Can the Html Agility Pack be used to parse HTML snippets?

I need to get LINK and META elements on ASP.NET pages, user controls and master pages, grab their contents, and then write the updated values โ€‹โ€‹to these files in the utility I'm working on.

I could try using regular expressions to capture only these elements, but there are a few problems with this approach:

  • I expect that many input files will contain broken HTML (missing / missing sequence elements, etc.).
  • SCRIPT elements containing comments and / or VBScript / JavaScript that look like valid elements, etc.
  • I need to have IE special conditional comments and META and LINK elements inside IE conditional comments
  • Not to mention that HTML is not an ordinary language.
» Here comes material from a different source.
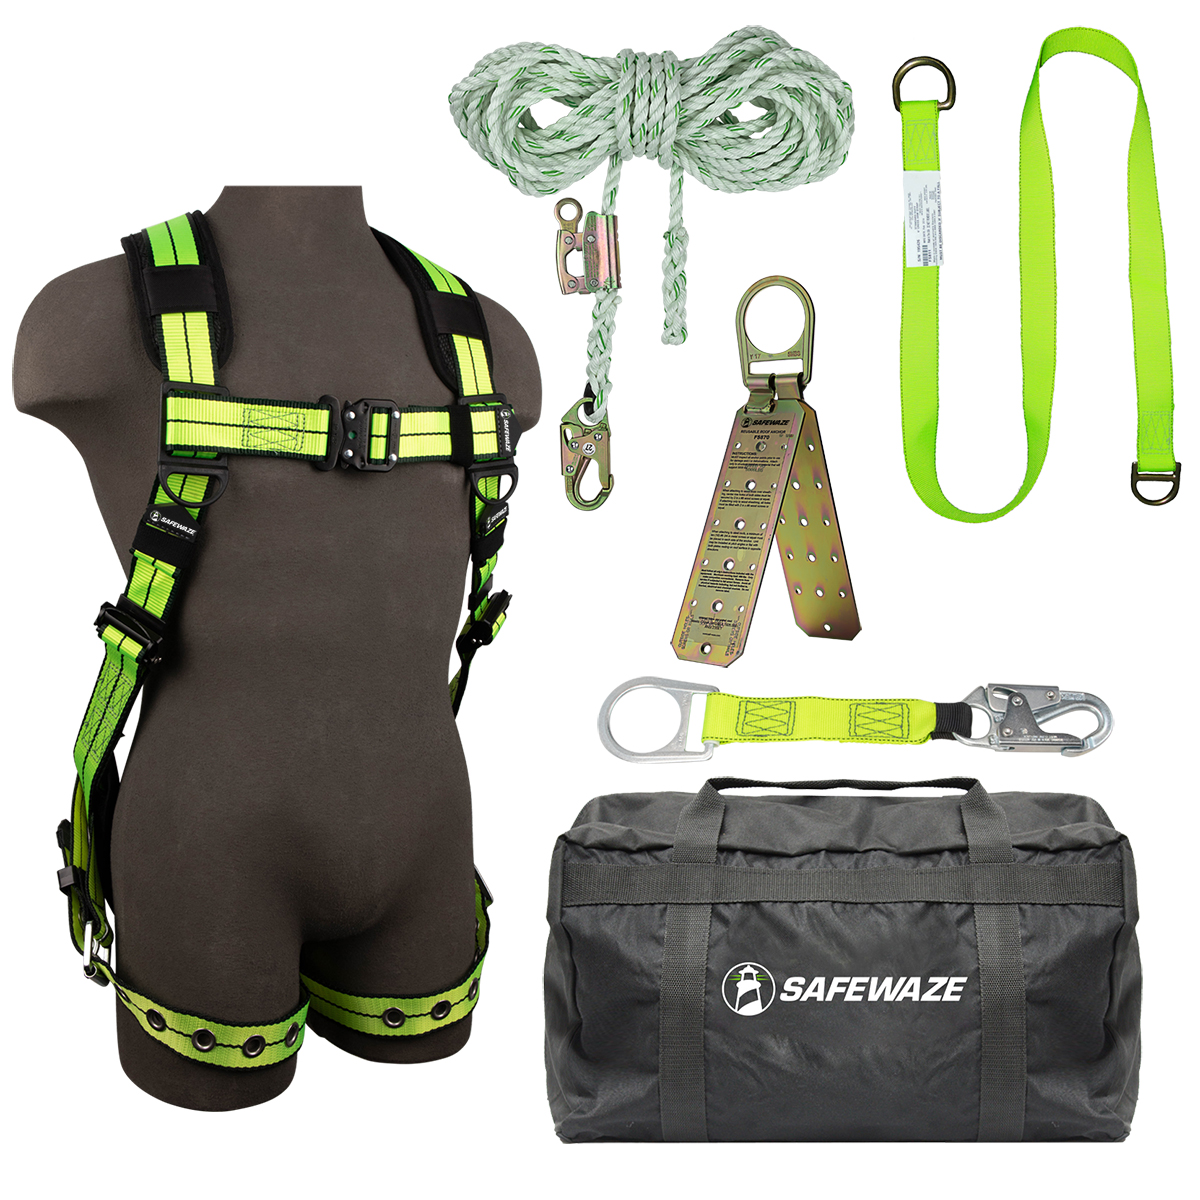 SafeWaze PRO+ Bag Roof Kit: FS-FLEX185-L/XL, FS700-50GA, FS813, FS811-20, FS870, FS8175

I did some research for HTML parsers in .NET, and many SO posts and blogs recommend the HTML Agility Pack . I have never used it before, and I donโ€™t know if it can parse broken HTML and HTML snippets. (For example, imagine a user control that contains only a HEAD element with some content in it - no HTML or BODY .) I know that I can read the documentation, but that would save me quite a bit of time if anyone could advise. (Most SO posts include parsing full HTML pages.)

+7
source share
2 answers

Absolutely, this is what he surpasses.

In fact, many of the web pages you find in the wild can be described as HTML snippets due to the lack of <html> tags or incorrectly closed tags.

HtmlAgilityPack mimics what a browser should do - try to understand what is sometimes a mess of inappropriate tags. Not enough science, but HtmlAgilgityPack does it very well.

+5
source

An alternative to the Html Agility Pack is CsQuery , the CQ jQuery port, of which I am the main author. It allows you to use the CSS selector and the full request API to access and manage the DOM, which is easier for many than XPATH. In addition, this HTML parser is designed specifically for various purposes and there are several options for parsing HTML: as a complete document ( html, body tags will be added, and any lost content moves inside the body); as a content block (this means that it will not be wrapped as a complete document, but additional tags are added, such as tbody , which are still required in the DOM, as well as browsers), and as a true fragment, where there is no tags are created (for example, if you just work with building blocks).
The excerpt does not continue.